また、戒を守って、油を捧げてこぼさないような綿密な修行を積んでも、確かな眼は育たない。布施を無駄遣いしたと、閻魔大王に飯代を請求される日がきっとくる。

なぜなら、仏道に入っても理解がなければ、受けた布施は生まれかわって返済しなければならないのだ。昔、ある長者の庭に81歳の年まで庭にキクラゲが生えた。このキクラゲは、かつて長者から供養を受けた僧の生まれ変わりだった、という話もある。

また、弧峰に独居し、一日一食、坐禅に明け暮れ、勤行に励んだとしても、皆これ業をかえって強くしてしまっているのだ。

また、自分の頭や目、国城妻子、象や馬、七宝など、ことごとく布施したとしても、そのような態度は身心を苦しめるだけで、かえってまずいことになる。

無事にして、純粋な心でいるのが一番だ。

十段階の修行をすべて成就した菩薩がいるが、その修行の跡をたどってみようとしたが、ついにわからなかった。
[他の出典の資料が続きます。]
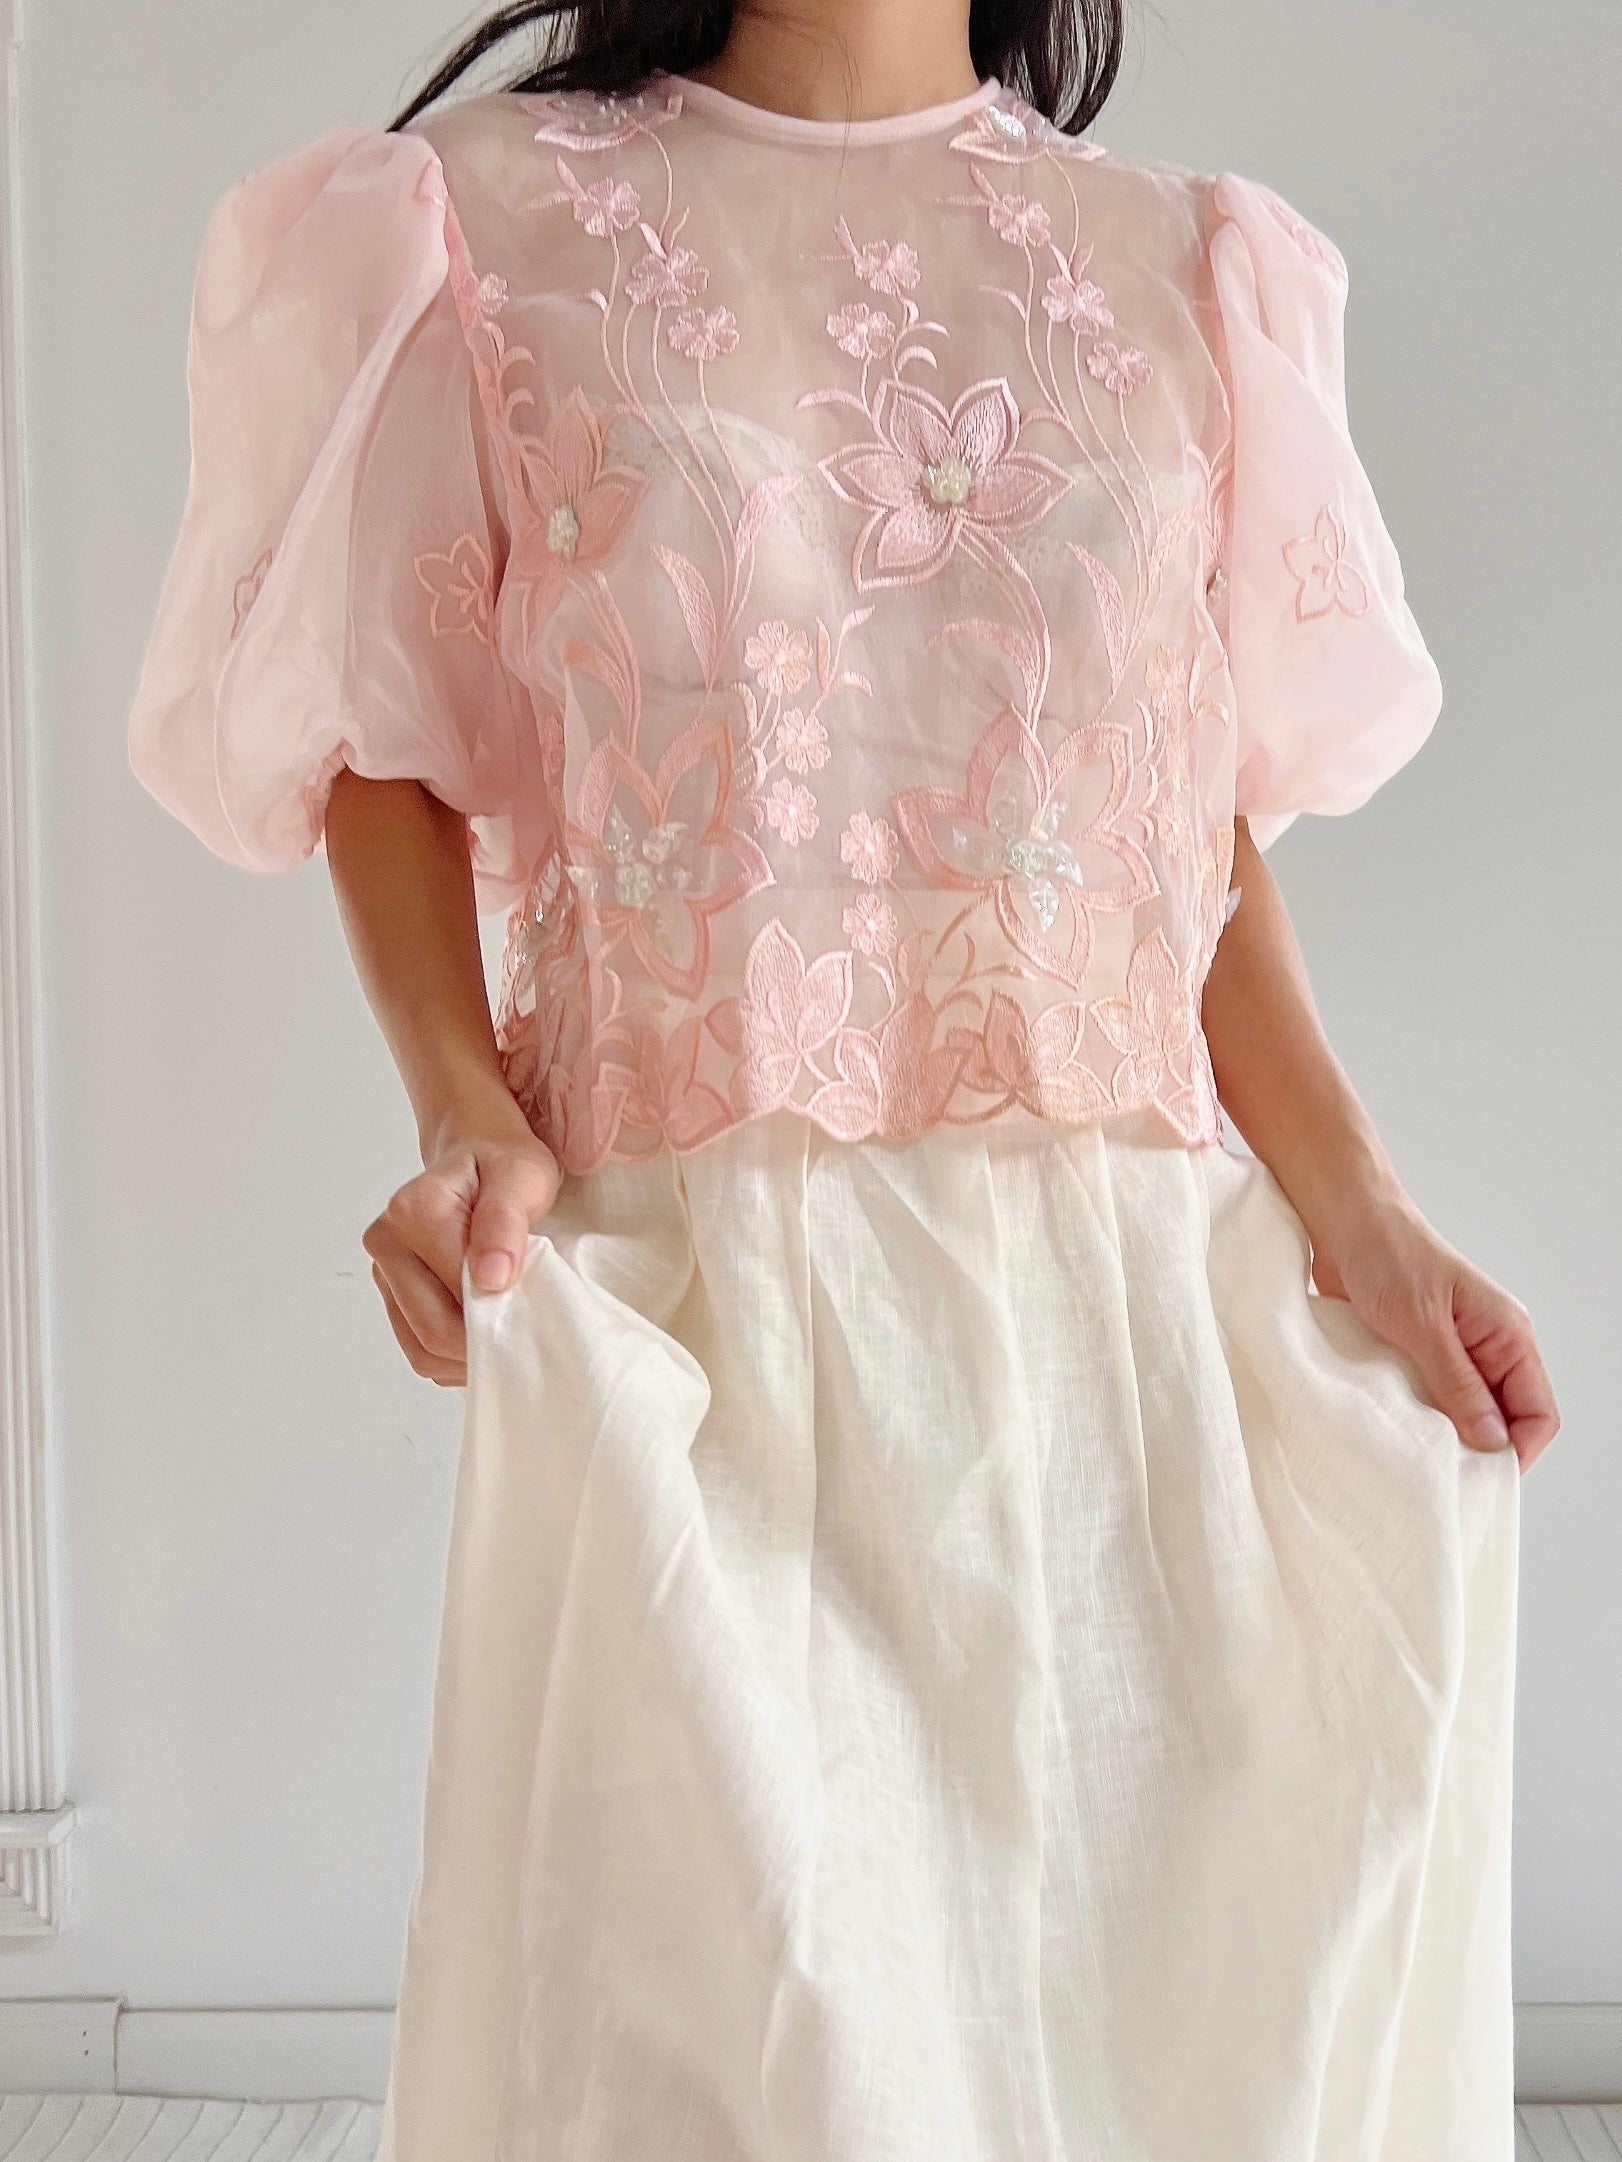 Vintage Voile Organza Embroidered Top - M
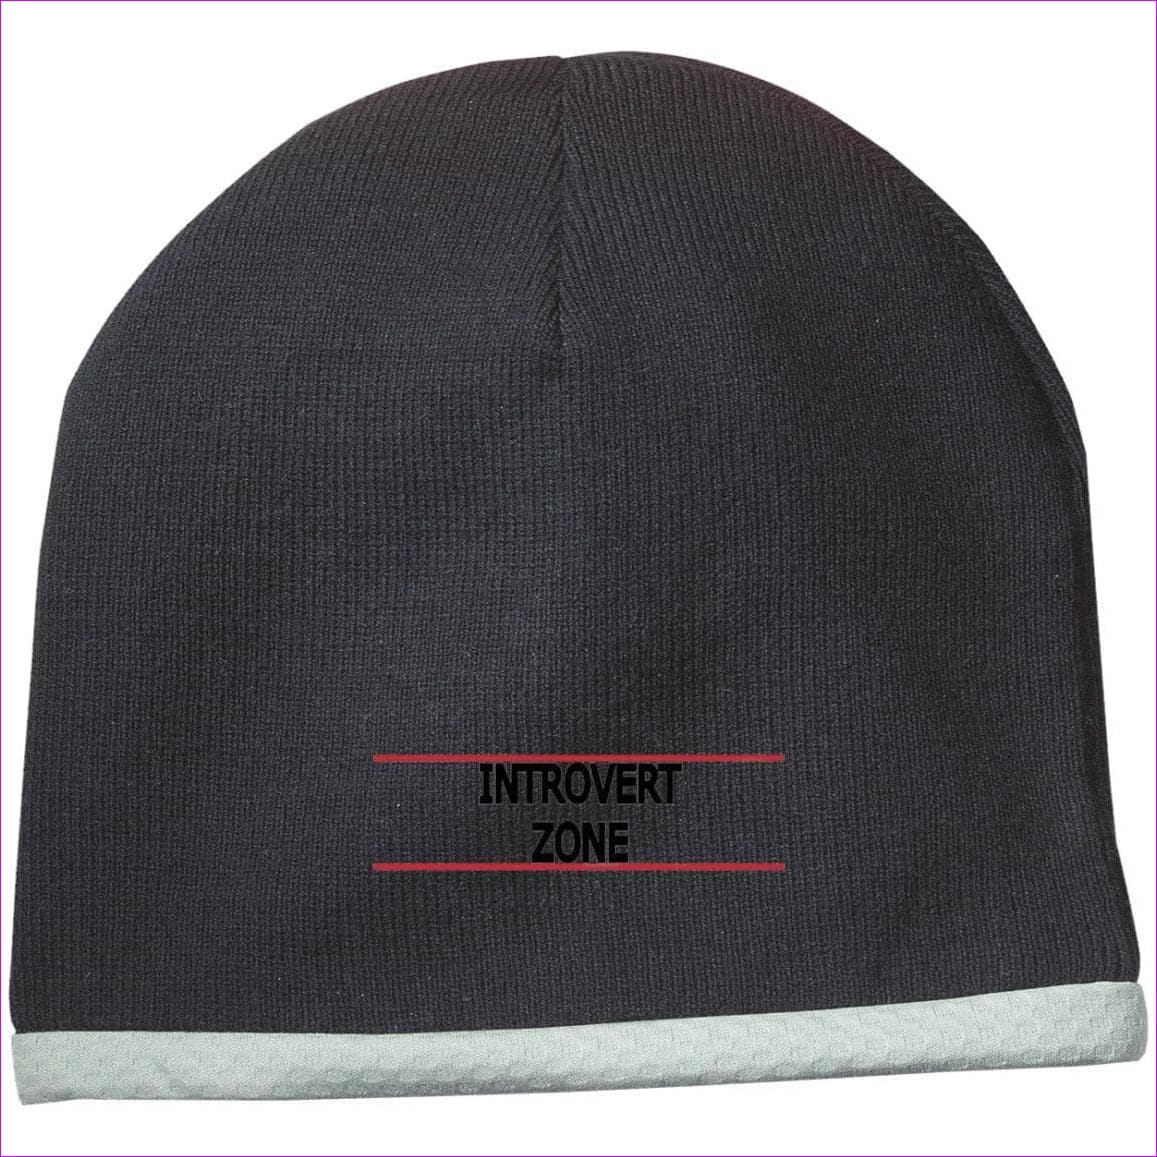 STC15 Performance Knit Cap Black One Size Introvert Zone Embroidered Knit Cap, Cap, Beanie - Hat at TFC&H Co.

だから、諸天の神々も歓喜し、地の神も足を捧げ、十方の神々もことごとく称賛する。

なぜそうなのか。今ここで法を聴く者(真我=仏性=本来の面目)は、いくら使っても全く跡を留めぬ者だからだ。

 

現場検証及び解説

 

禅以前の仏教者のことでしょうか、それとも同時代の他宗派の仏教者のことでしょうか、とにかく糞みそに貶(けな)しています。臨済先生がの言説は極めて説明不足ですが、真理を突いた言葉も言われていますので、解説を加えてみます。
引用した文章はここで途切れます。